Na sessão ordinária desta terça-feira, 24, o deputado estadual Georgeo Passos (Cidadania) explanou sobre a constante falta de água em várias regiões do estado. O parlamentar exibiu um vídeo com denúncia de irregularidade no abastecimento em Nossa Senhora do Socorro e registrou sua indignação ao ouvir colegas parlamentares defender a Iguá com frequência no plenário da Alese.

“O pessoal da Taiçoca de Fora está numa revolta muito grande, tendo em vista as desculpas. Diversos protocolos, que vai resolver, é hoje, é amanhã… e não tenho dúvidas: a revolta que a população sergipana está tendo da Iguá vai refletir em outubro na eleição do governador. Todas as cidades quando conversamos com os moradores é a mesma reclamação: não tem água”, relatou Georgeo.

O deputado lamentou a não inauguração da adutora do Povoado Curralinho em Poço Redondo, citou a situação de Carira e do abastecimento com caminhão-pipa em Nossa Senhora Aparecida. “O abastecimento foi com carro pipa porque a água não chega mais nas torneiras com regularidade. E as pessoas ficam sem entender. Se a Deso era ruim porque conseguia colocar água sem tantas faltas?”, indagou Passos.

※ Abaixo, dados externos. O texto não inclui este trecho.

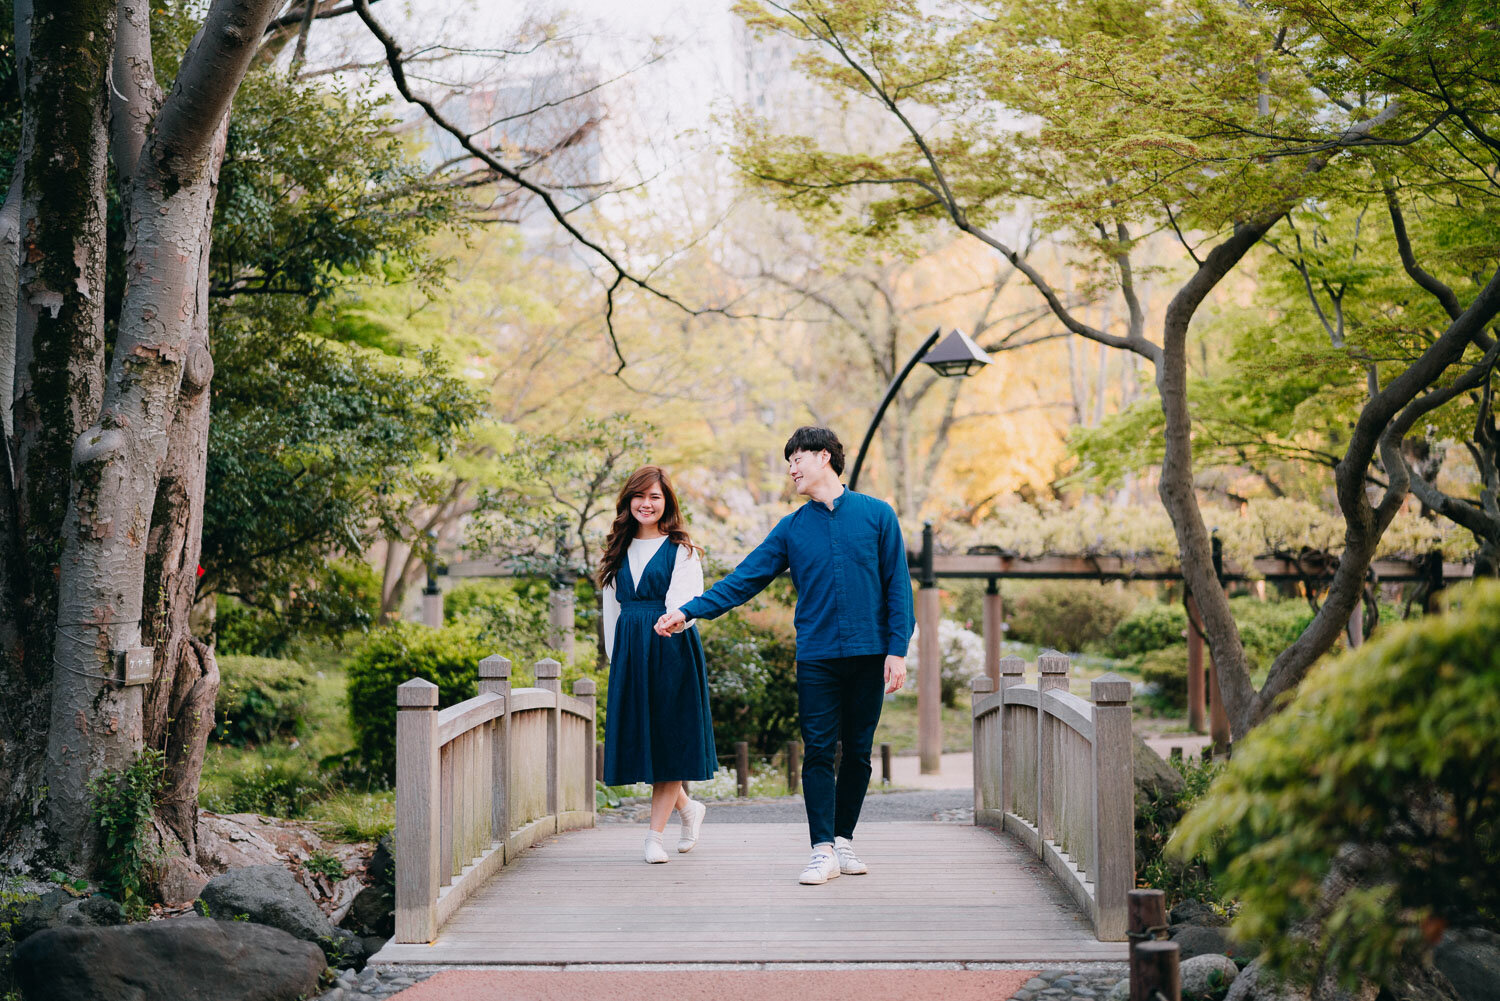 Couples photoshoot in traditional Japanese Garden, Tokyo

Georgeo comentou ainda da defesa de setores do governo com a Iguá, o que não era visto antes quando a Deso estava com a responsabilidade do abastecimento. “Se a Deso tivesse a proteção e a defesa que a Iguá tem por parte de alguns secretários de estado, nunca a Deso teria sido vendida. Hoje, qualquer problema é secretário, é presidente de agência querendo resolver um problema da iniciativa privada, mas quando era pública a gente não via essa mesma vontade”, disse.

O deputado avalia que a maior revolta da população é chegar ao final do mês sem receber água e ter que pagar a conta. “É o melhor negócio do mundo: vender água sem entregar e receber do cliente o valor. E se o cliente não paga vai para o SPC/Serasa; se mantém o não pagamento vem o corte (desligamento); para religar, a taxa é mais cara. Ou seja, sempre é bom para Iguá e péssimo para o cliente. E a Agrese precisa agir cada vez mais”, lamenta Georgeo.